Please kindly help to solve this problem.Thanks.
I had tryied the best answer in
https://community.hortonworks.com/questions/48107/ambari-metrics-collector.html
, but no help.Thanks for your great support.
Created 02-10-2017 09:35 AM
Ideally the "MaxMetaspaceSize" has no upper limit. Please see:
http://docs.oracle.com/javase/8/docs/technotes/guides/vm/gctuning/considerations.html
The amount of native memory that can be used for class metadata is by default unlimited.
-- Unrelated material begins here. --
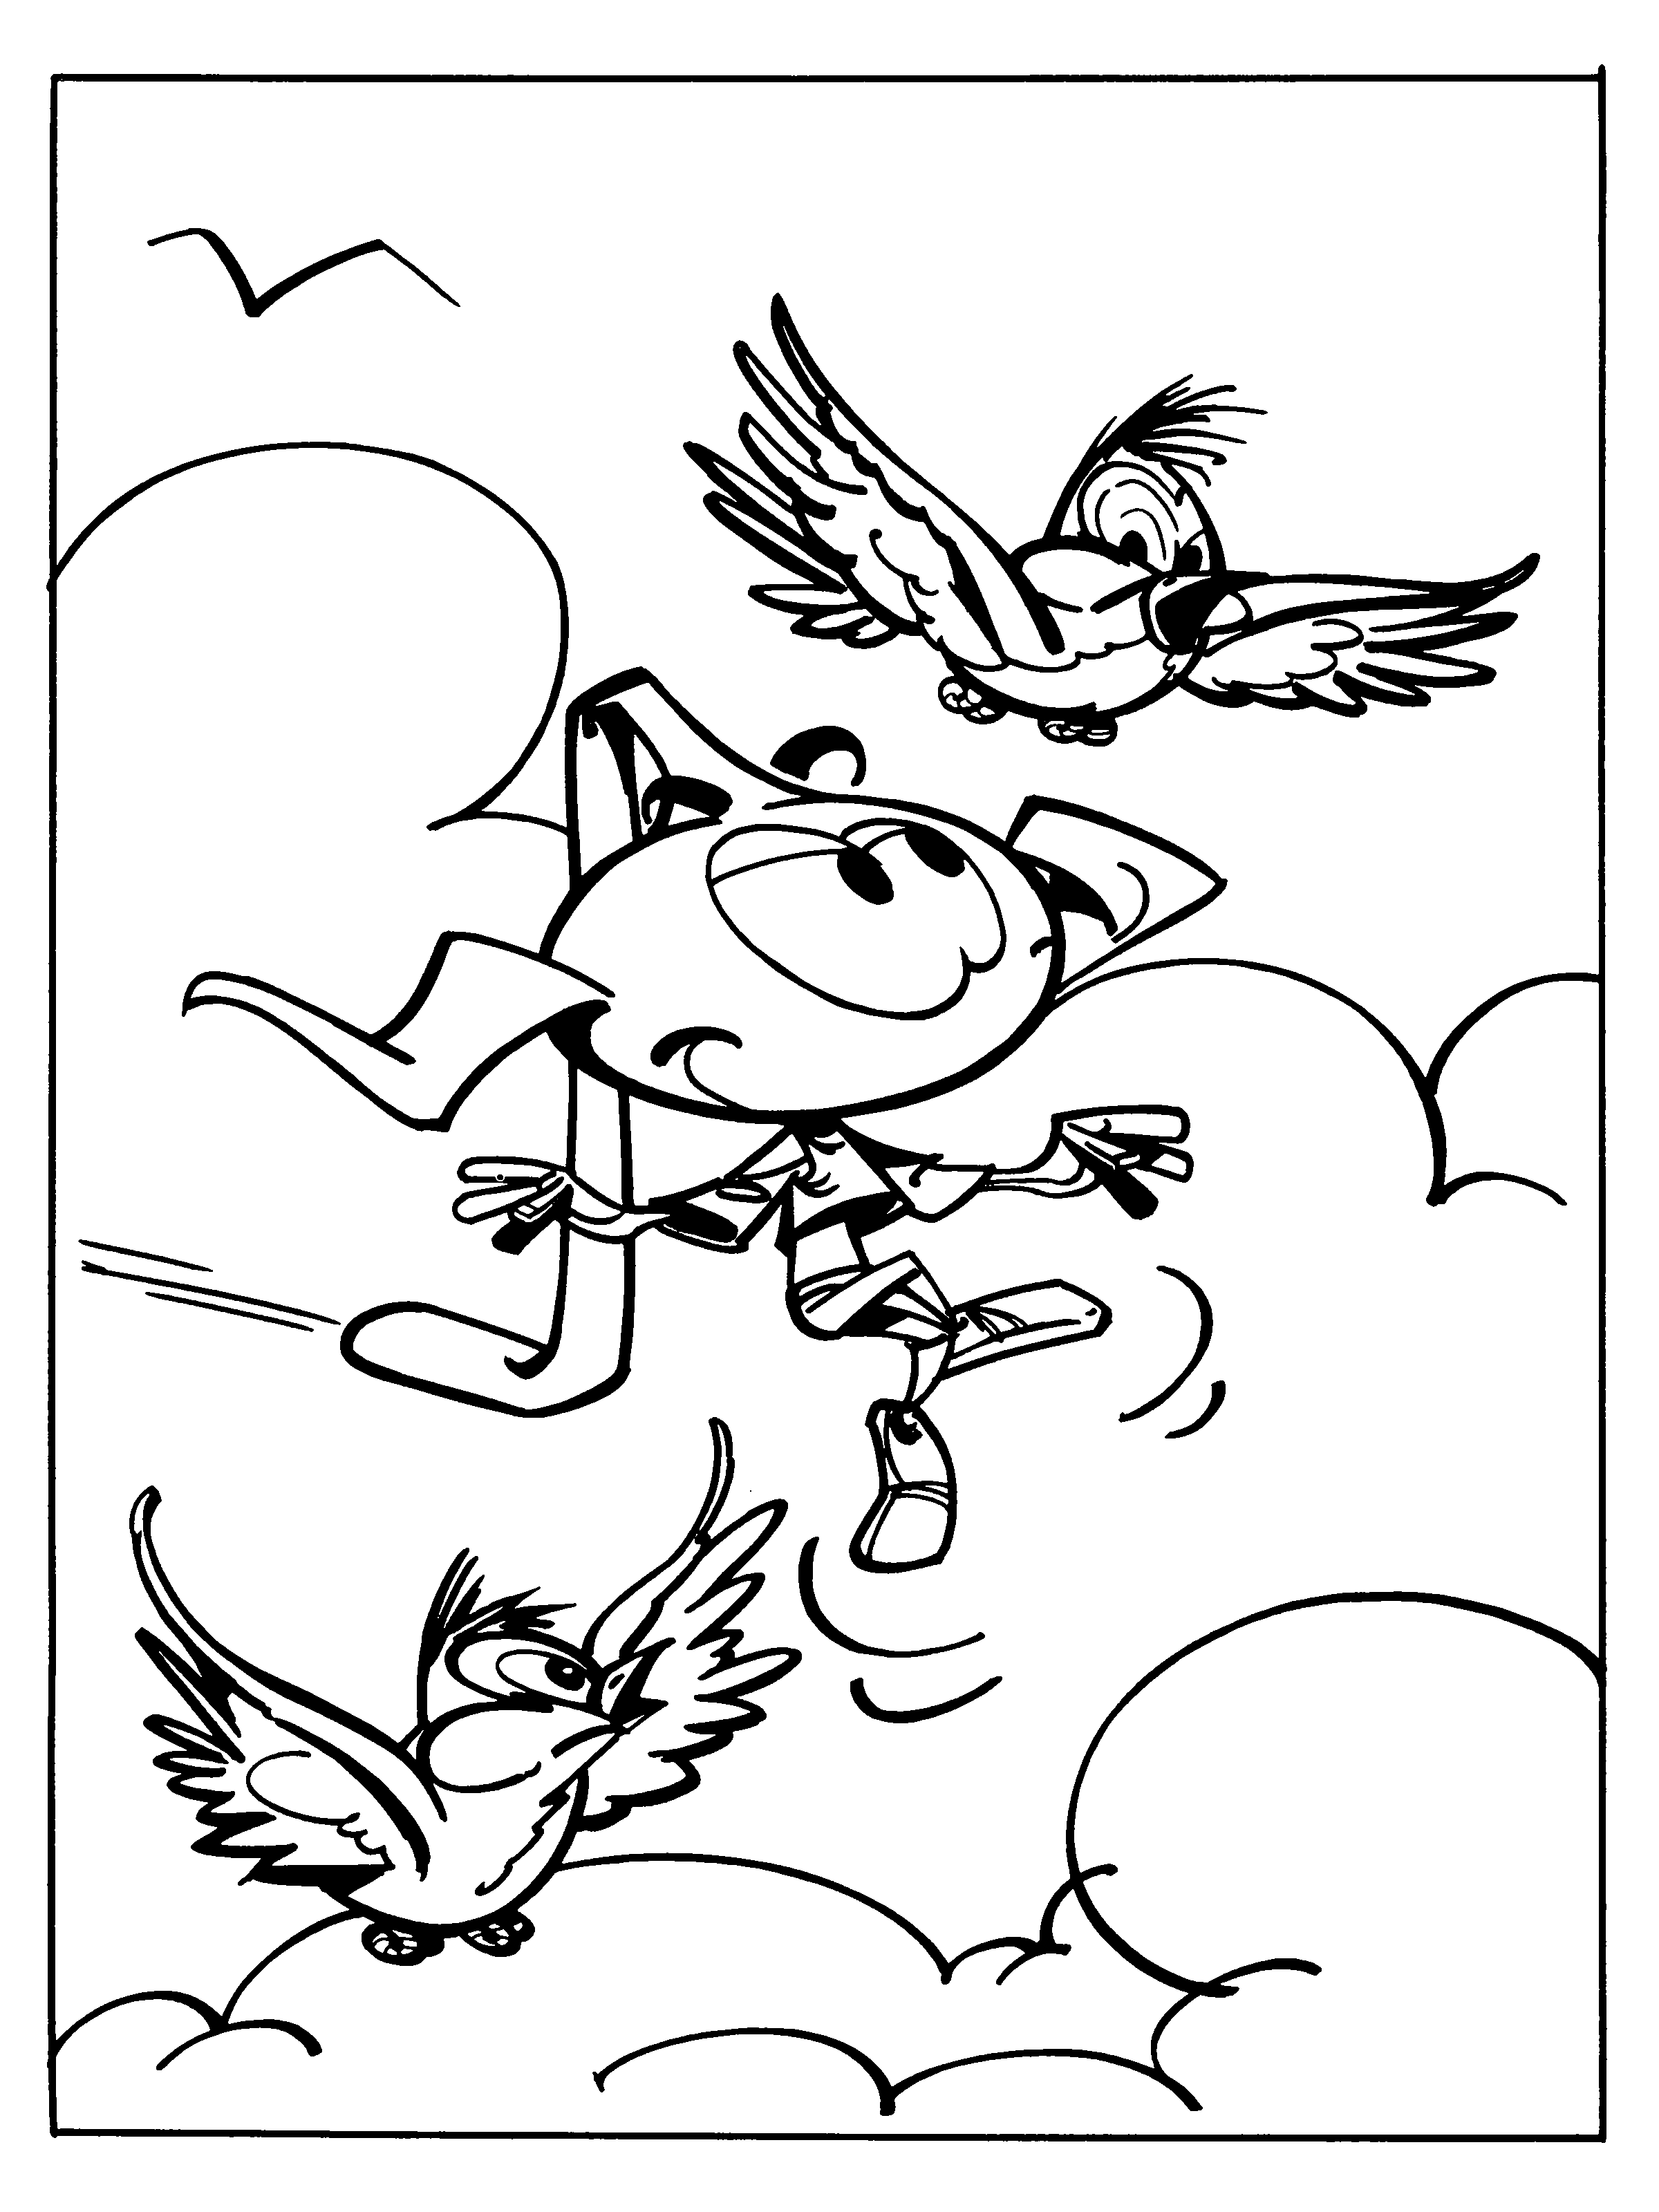 Snorks Coloring Pages

Use the option MaxMetaspaceSize to put an upper limit on the amount of native memory used for class metadata.
.
Regarding the tuning parameter you might want to tune it as following:
Something you should try with this: ---------------------------------------- ams-hbase-env::hbase_master_heapsize 1152 MB ===>> 8192 MB ams-hbase-env::hbase_master_maxperm_size 128 MB ===>> 128 MB (or 256 MB) ams-hbase-env::hbase_regionserver_heapsize 768 MB ===>> 8192 MB ams-hbase-env::regionserver_xmn_size 128 MB ===>> 1280 MB to 1536 MB
.
In JDK 1.8 PermGen space is replaced with MetaSpace. And it is always better to set the "MaxMetaspaceSize" so that if there is any classloader leak then it will not grow beyond the MaxMetaspaceSize boundary else it may cause huge system memory utilization (in case of leak).
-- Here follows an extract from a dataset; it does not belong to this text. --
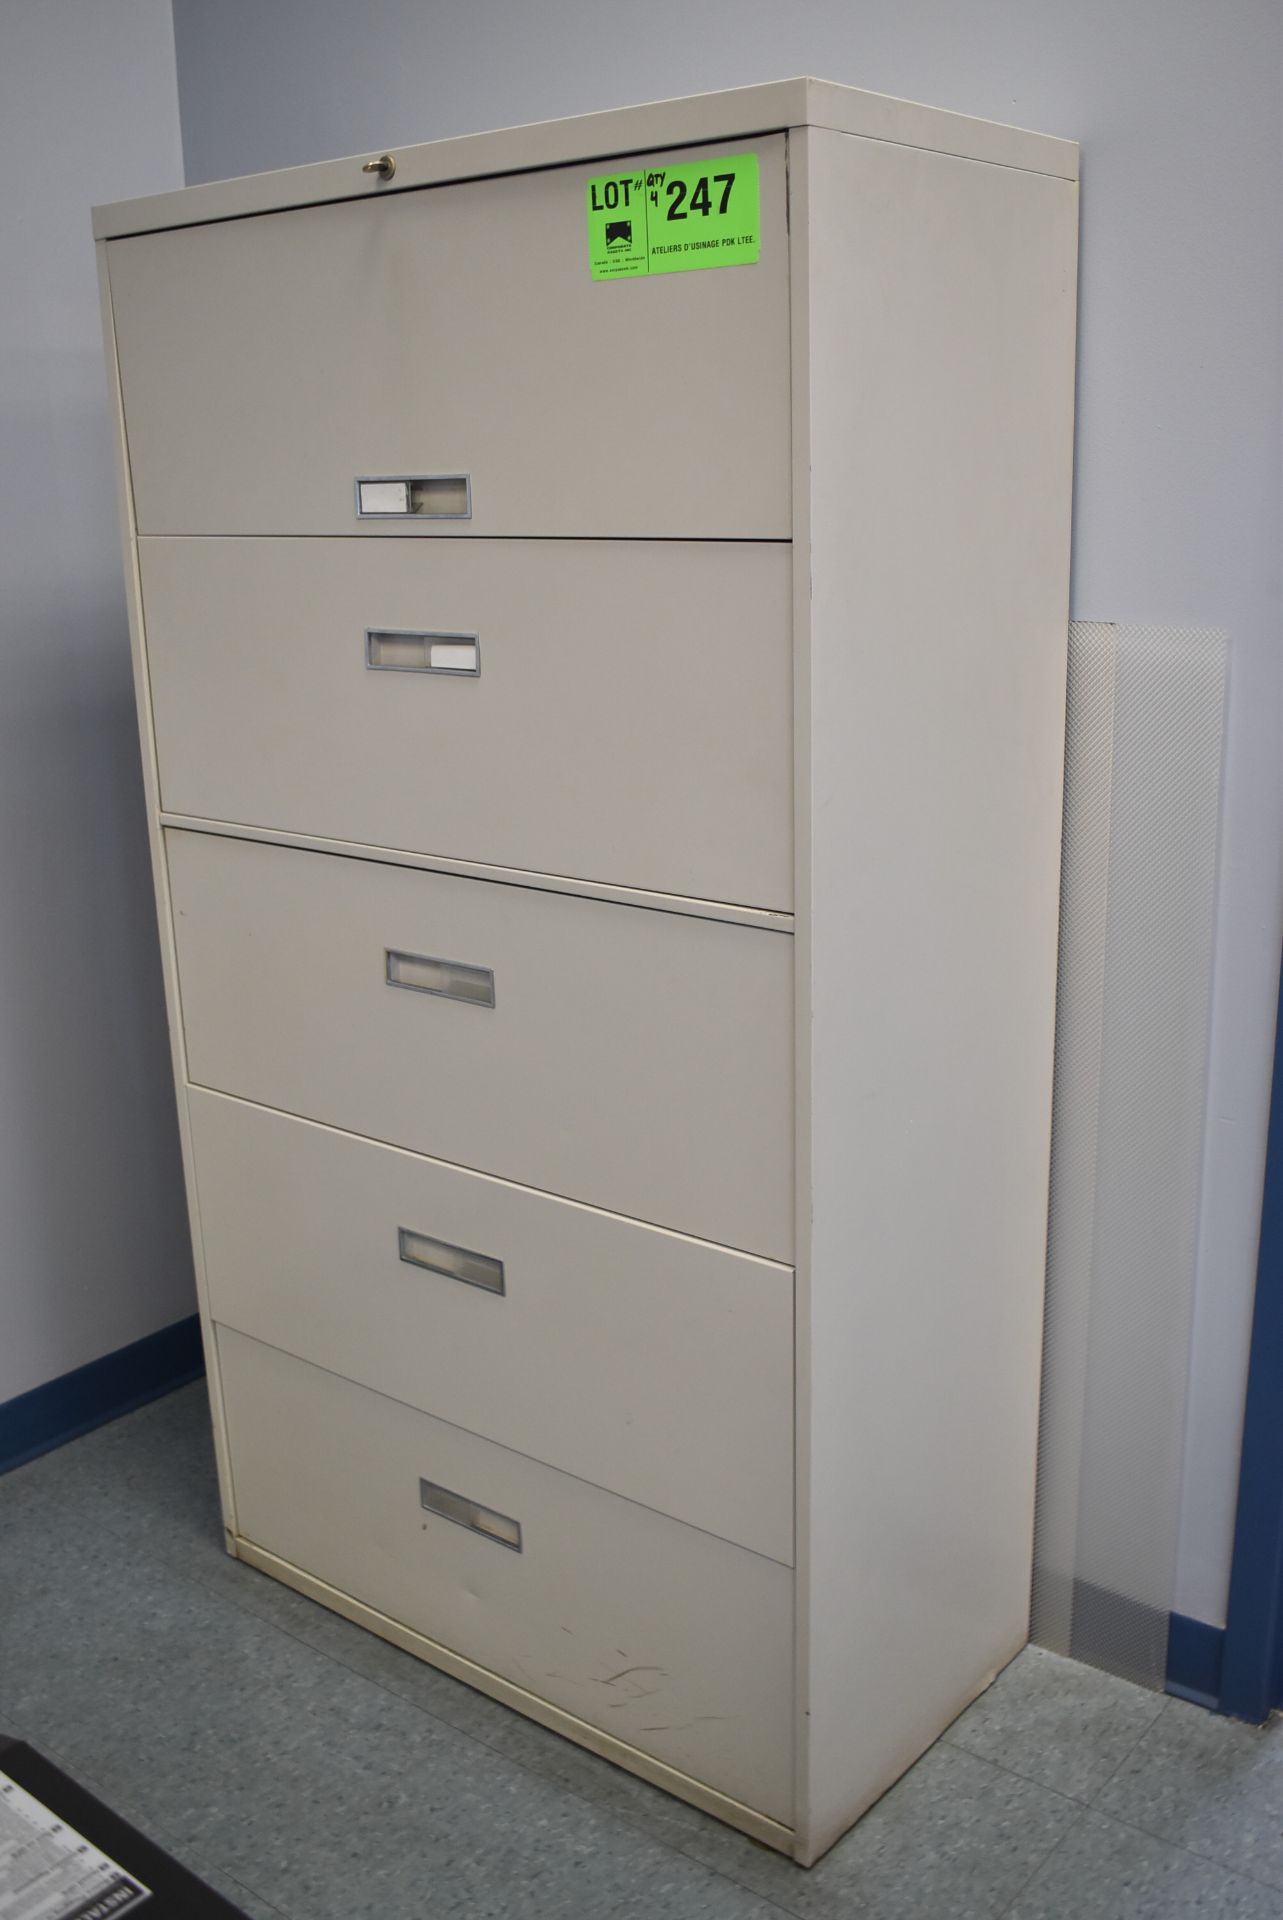 LOT/ (1) 5 DRAWER LATERAL FILE CABINET, (3) 4 DRAWER LATERAL FILE CABINETS

And also disable (exclude) HBase per region metrics to avoid data flooding.
Created 02-07-2017 03:00 PM
Along with cleaning up the recommended directories in the mentioned post, take a look at the AMS tuning guide and set your AMS accordingly:
https://cwiki.apache.org/confluence/display/AMBARI/Configurations+-+Tuning
Created 02-09-2017 01:50 AM
@icocio my cluster have 40 hosts, I now tuned parameters as >50 , I will monitor if this will help my problem.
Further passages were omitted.